In response to a discussion on Debunking Christianity, I posted this response:

I would concur that atheism is not a belief system - I think we have fairly well evinced that notion. However, is atheism not a faith statement? It would seem to me that atheism is as much of a faith statement as theism.

This is why I, although I act and intuitively see myself as an atheist, am logically an agnostic. To move from agnosticism to atheist takes faith. Faith that there is no God. Personally, the belief that there is a deistic first mover who started everything off is fine by me - I don't have a problem with it from the evidence we have. Intuitively, I think atheism explains things better than deism, but I cannot rule it out. 

Knowledge is a funny thing. Cogito ergo sum leaves us with only one piece of knowledge we can be epistemologically sure of: that we, individually, exist. Thus everything else becomes a game of probability, based on experience. This is how the scientific method works. But although overwhelming evidence counts as 'fact', there is always an element of doubt. There always will be. We could be living in the Matrix, after all.
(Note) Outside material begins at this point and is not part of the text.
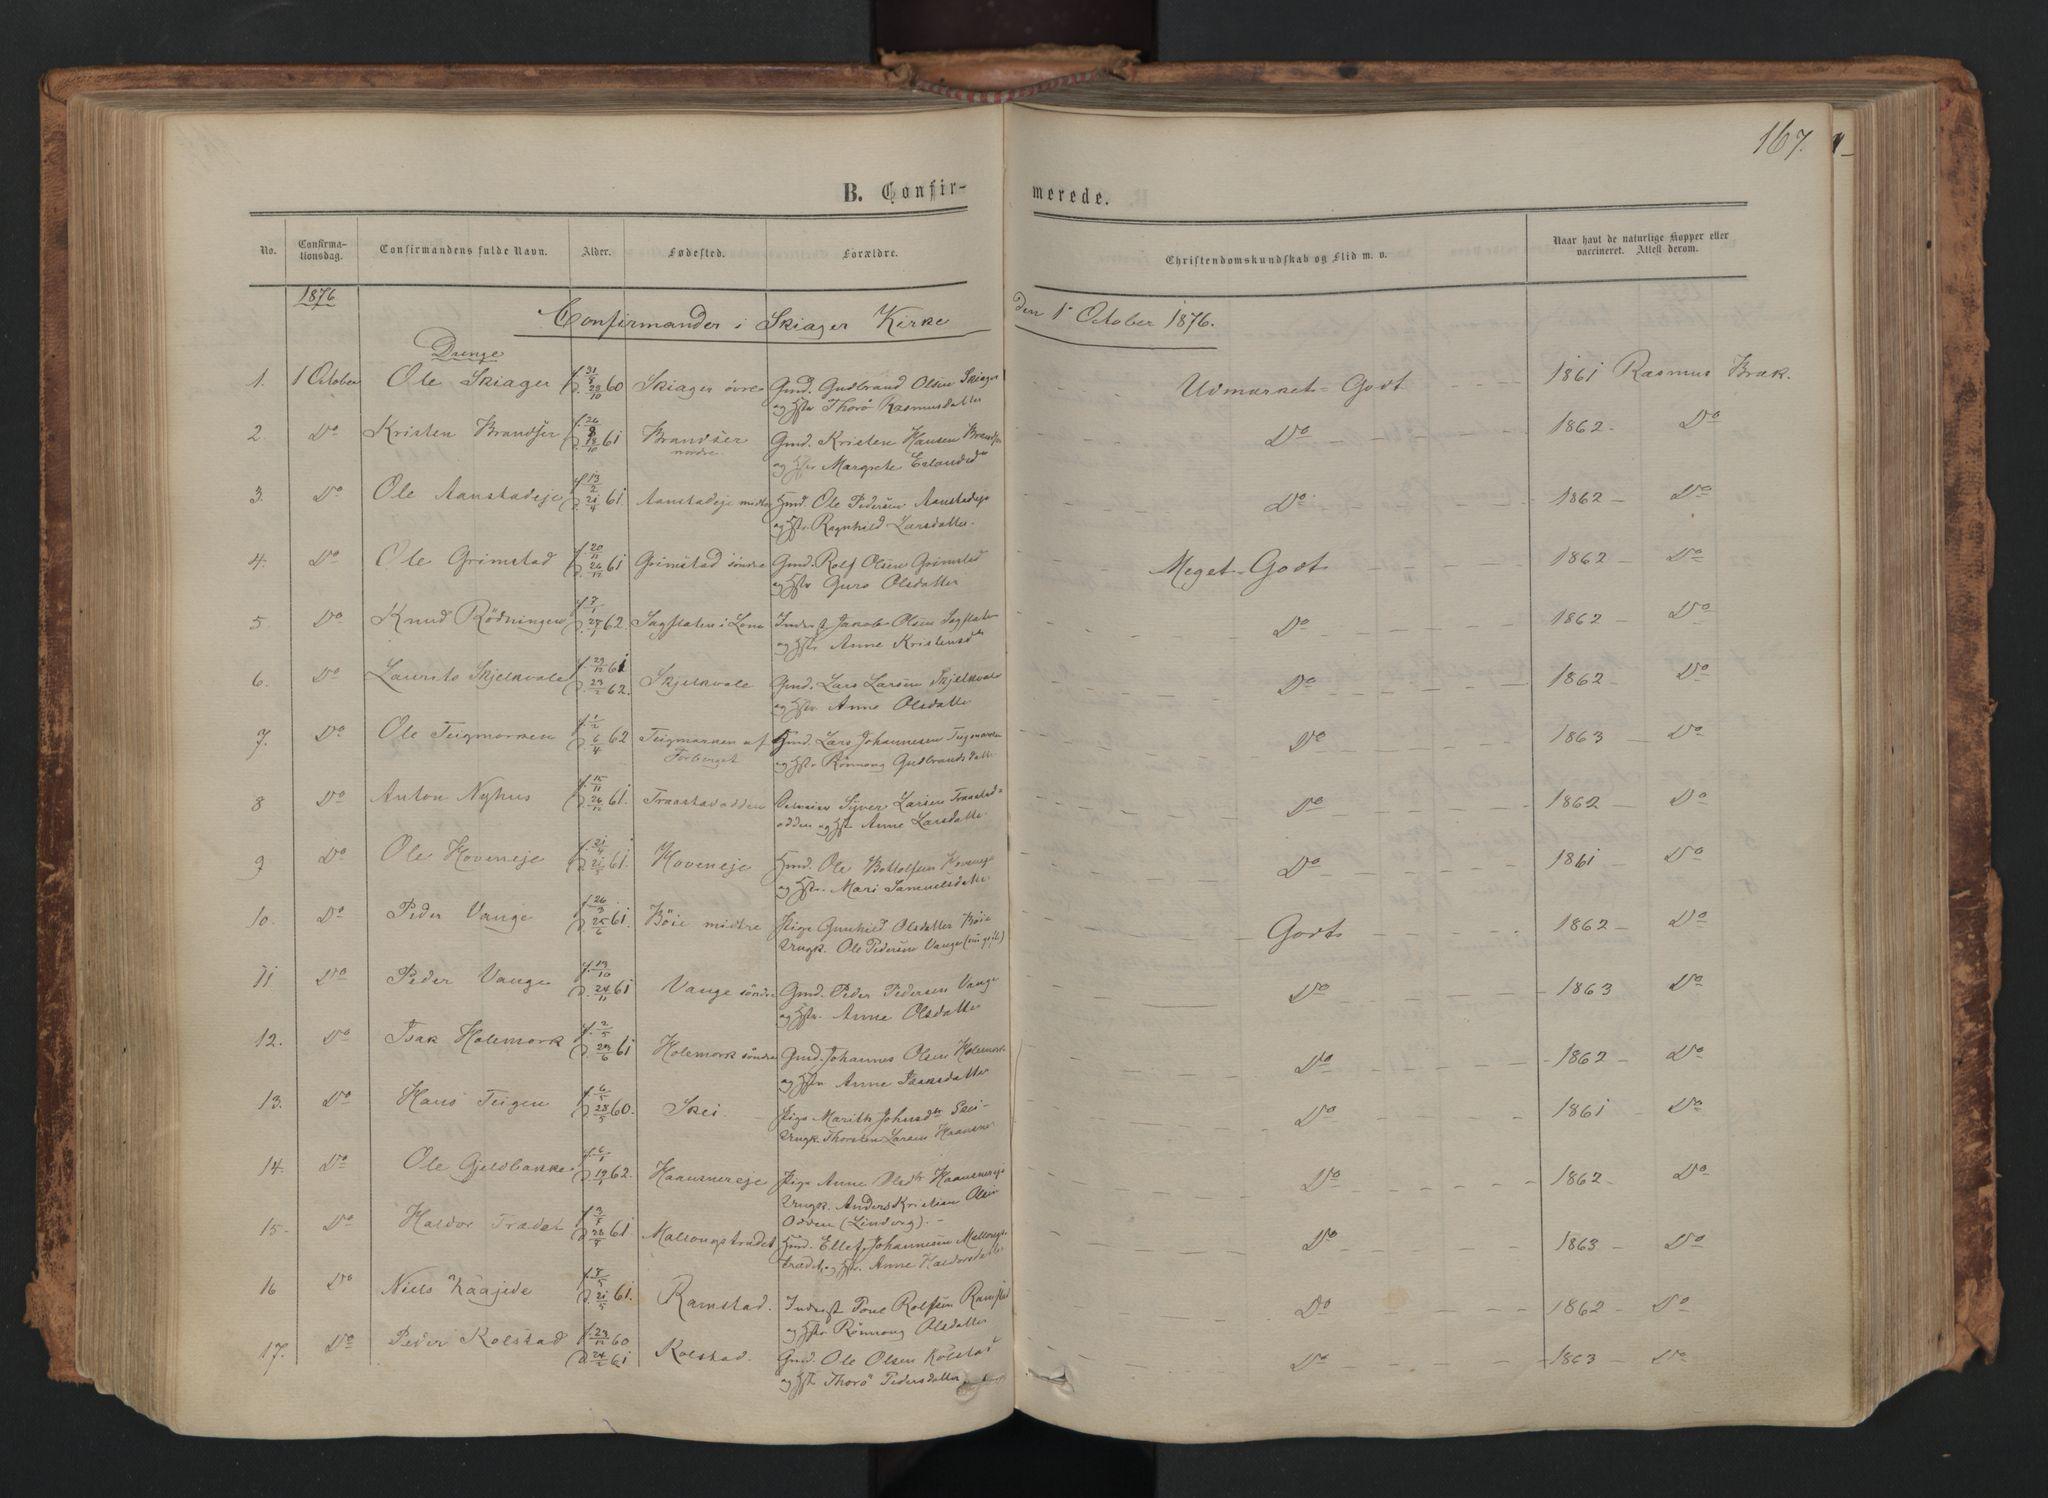 SAH, Skjåk prestekontor, Ministerialbok nr. 1, 1863-1879, s. 167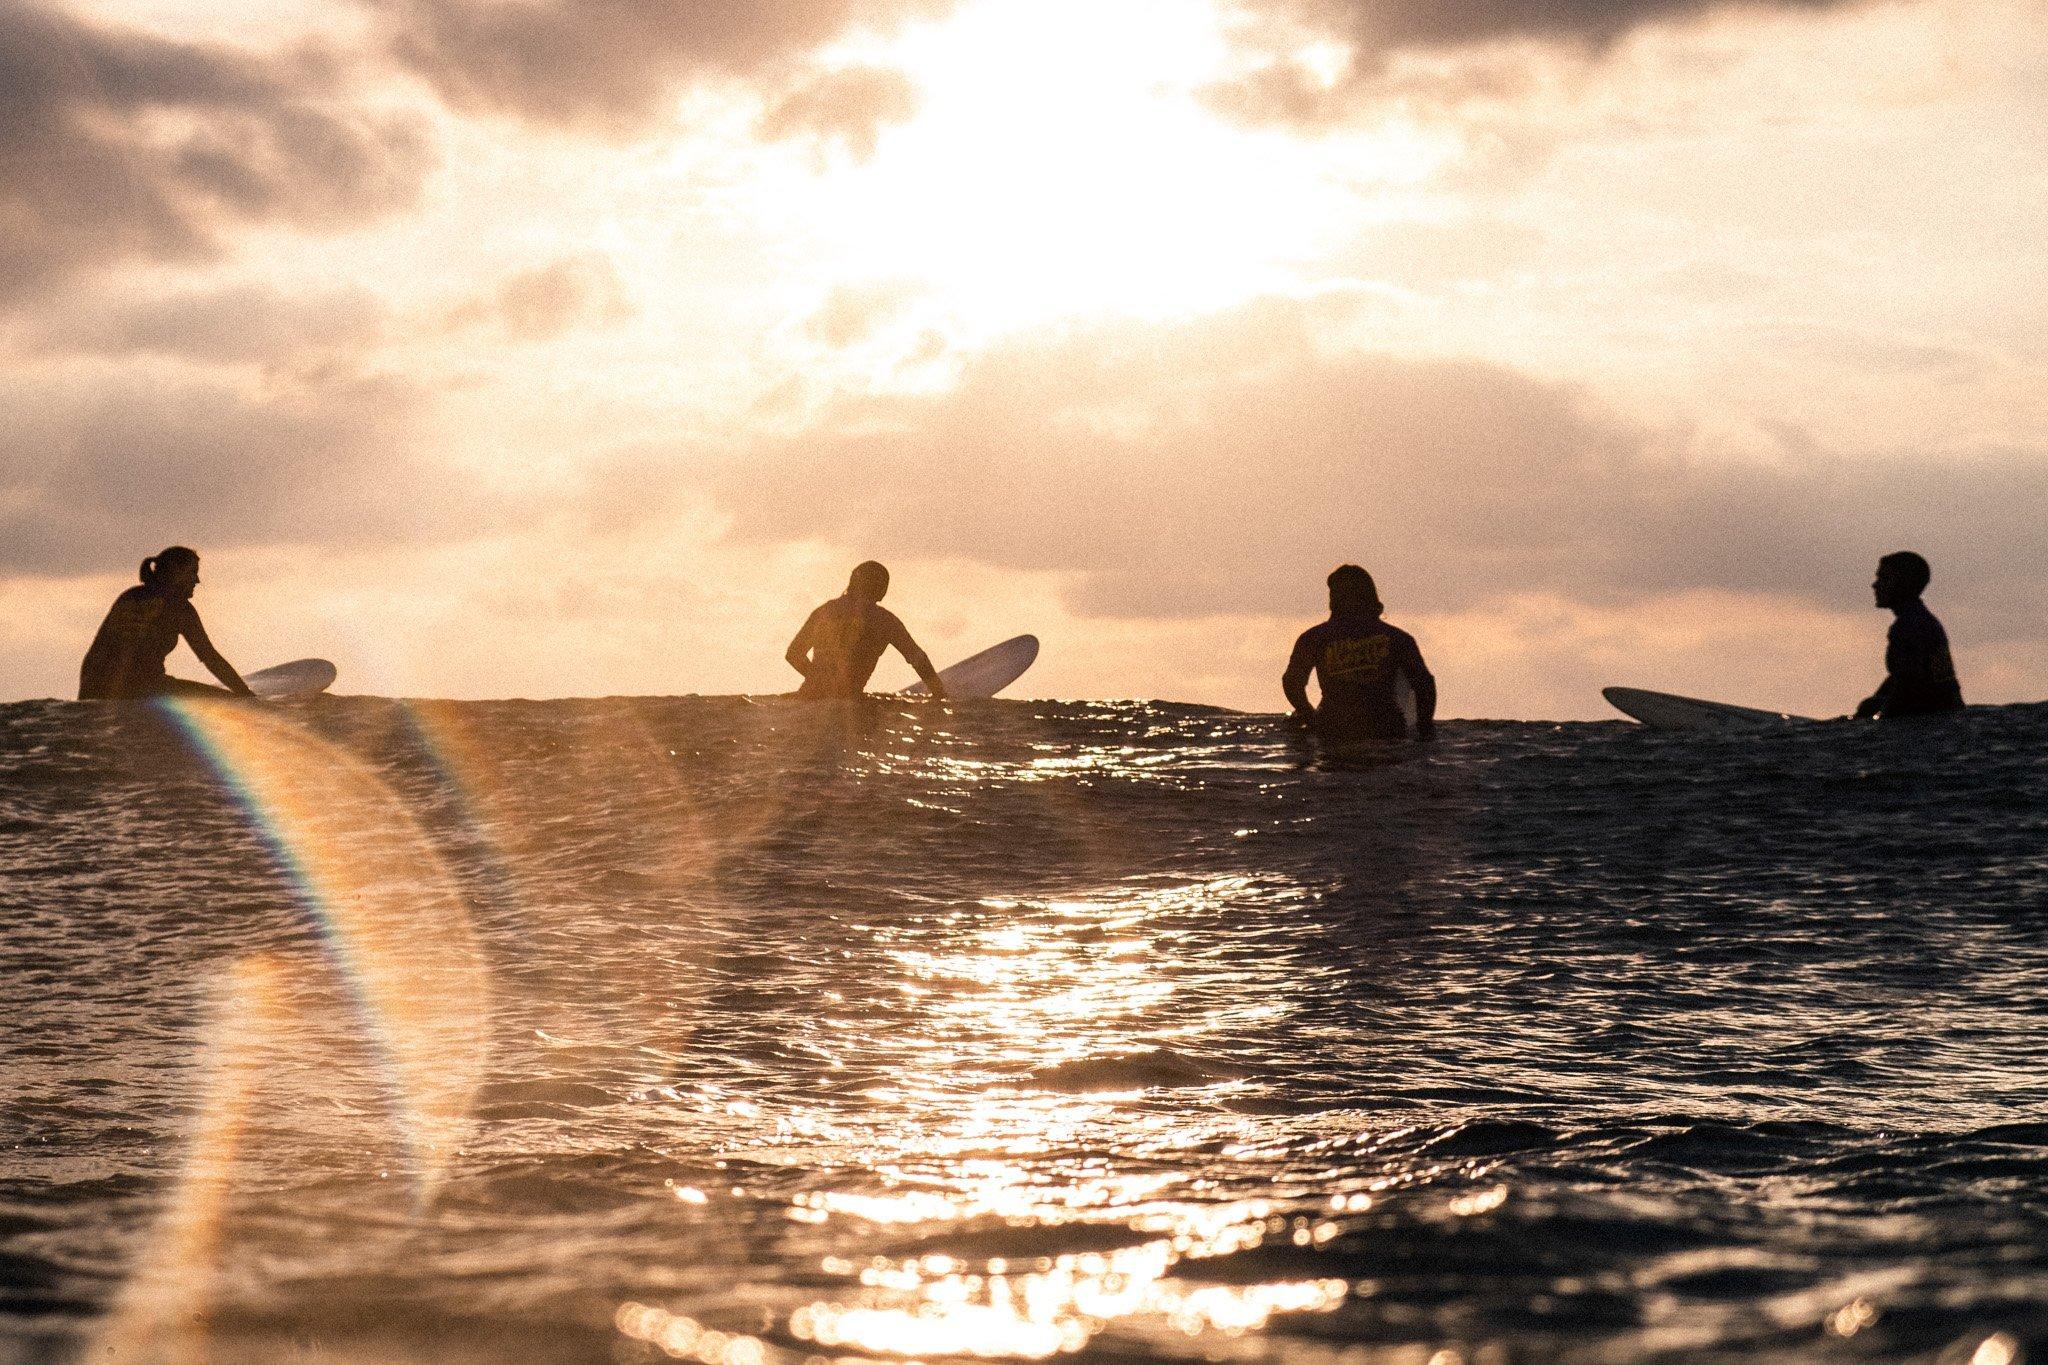 Women on waves 4 surfers enjoying a sunset session

As a result, I sometimes wonder whether it is wise for atheists to jump on theists who claim atheism is not a belief. In some senses, and when equated with faith, it is. It is a belief that God does not exist. I believe it. I can never prove it. I have faith that it is the case, weighing up the probability based on all the evidence at hand (inductive reasoning to arrive at a conclusion). In the same way, I believe that a teapot is not flying round the moon. Just because it is a belief in a negative does not mean it s not valid. We actually hold an infinite set of beliefs - things we believe are not the case. We only communicate a minuscule percentage of these, of which one is the belief that 'God is not the case'.